An Associated Press story on August 25, 2004, reported on a new study which shows women who drink more than one sweetened soft drink a day are slightly more likely to develop diabetes than women who drink less than one a month. Researchers performed the study at Harvard University.
This soft drink study, was published in the August 24th 2004 issue of Journal of the American Medical Association and involved an analysis of information from a continuing health study of 51,603 female nurses. The Harvard researchers analyzed surveys filled out by the nurses in the years 1991, 1995 and 1999. These surveys detailed their eating habits, weight, physical activity and other health issues. The study showed that there were 741 new cases of type 2 diabetes during the span of time covered in the study.
Results showed that women who drank one or more sugar-sweetened soft drinks a day were twice as likely to develop diabetes as women who drank fewer than one a month. The researchers found that even when they considered such factors as weight, diet and lifestyle differences, women drinking sugary sodas were 1.3 times as likely to develop diabetes.
As expected there were many critics of the study.

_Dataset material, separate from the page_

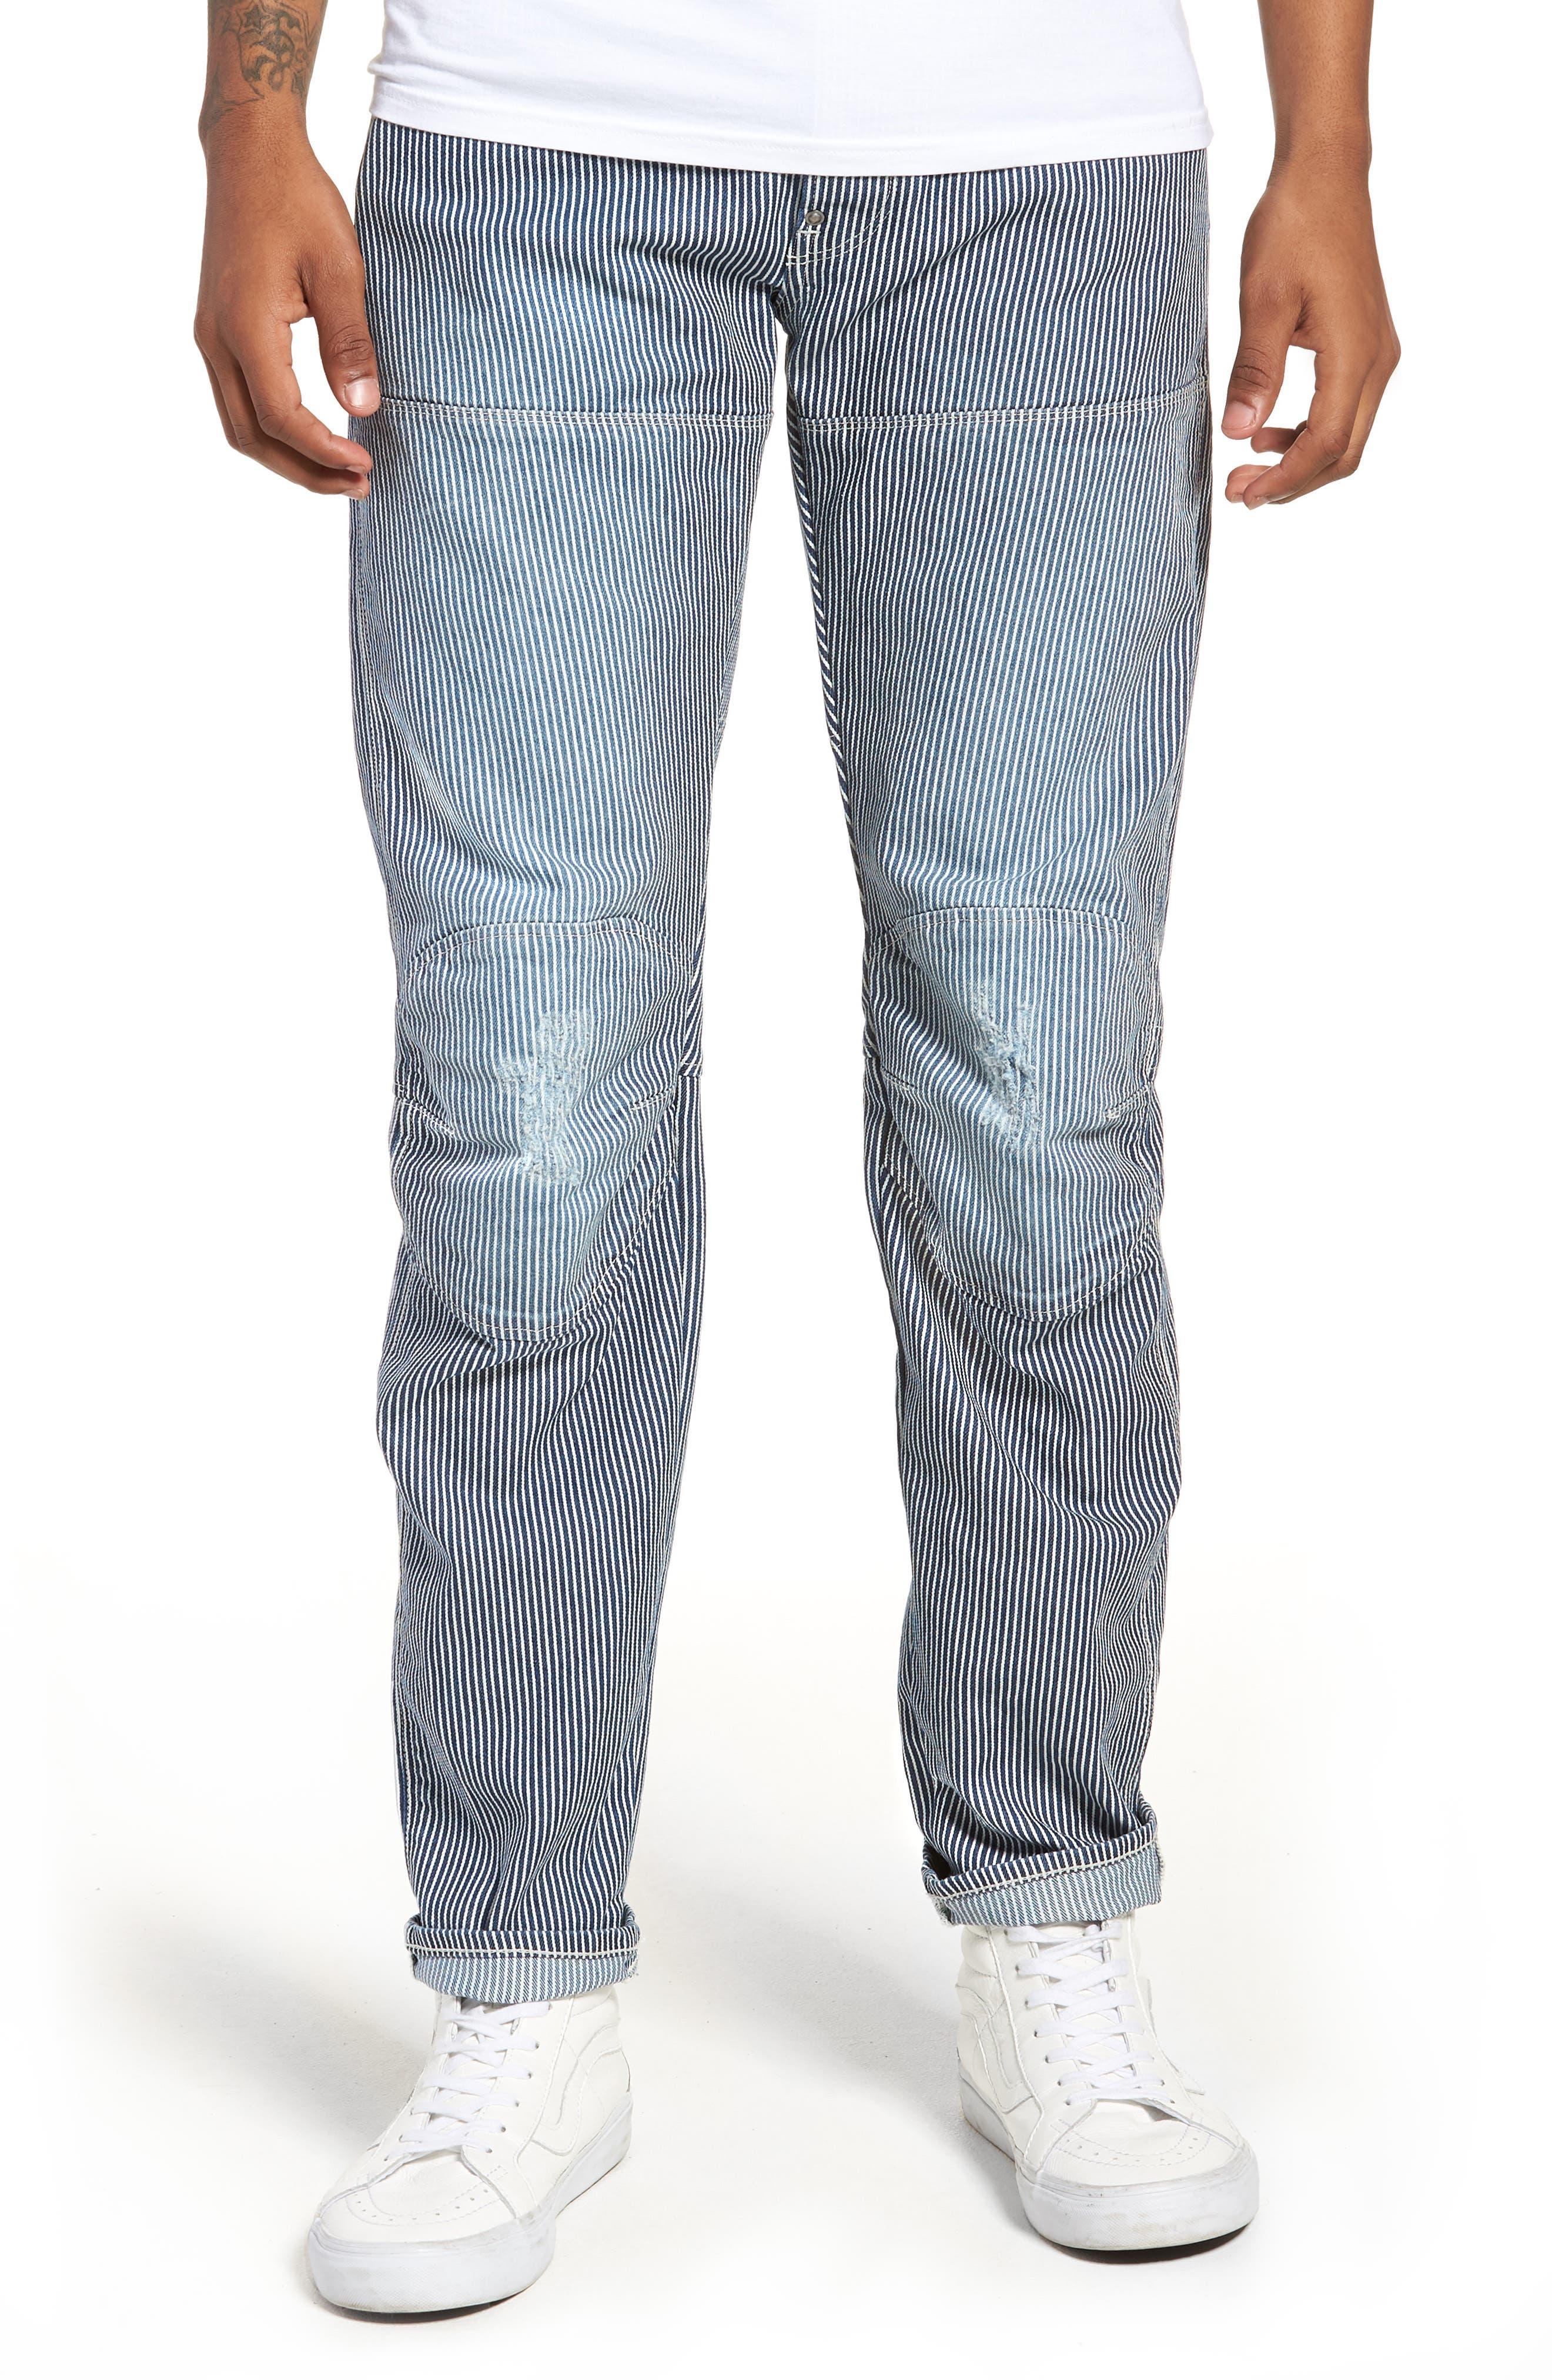 3D Slim Pants,                         Main,                         color, Medium Aged Destroy

A trade group representing the soft drink industry said the study's conclusions were not scientifically sound and that the focus should be on the unhealthy lifestyles and weight gain that can lead to diabetes, not the soft drinks.
Dr. Walter Willett, one of the study's co-authors and chairman of the Department of Nutrition at the Harvard School of Public Health stated, "I think there is a very practical implication of this study, both for weight control and for type 2 diabetes — keep soda consumption low."
The study noted that drinking fruit juice was not associated with diabetes risk. It also noted that diet soft drinks were not statistically significant in this study, but sugared fruit punch showed similar results to sugared soda.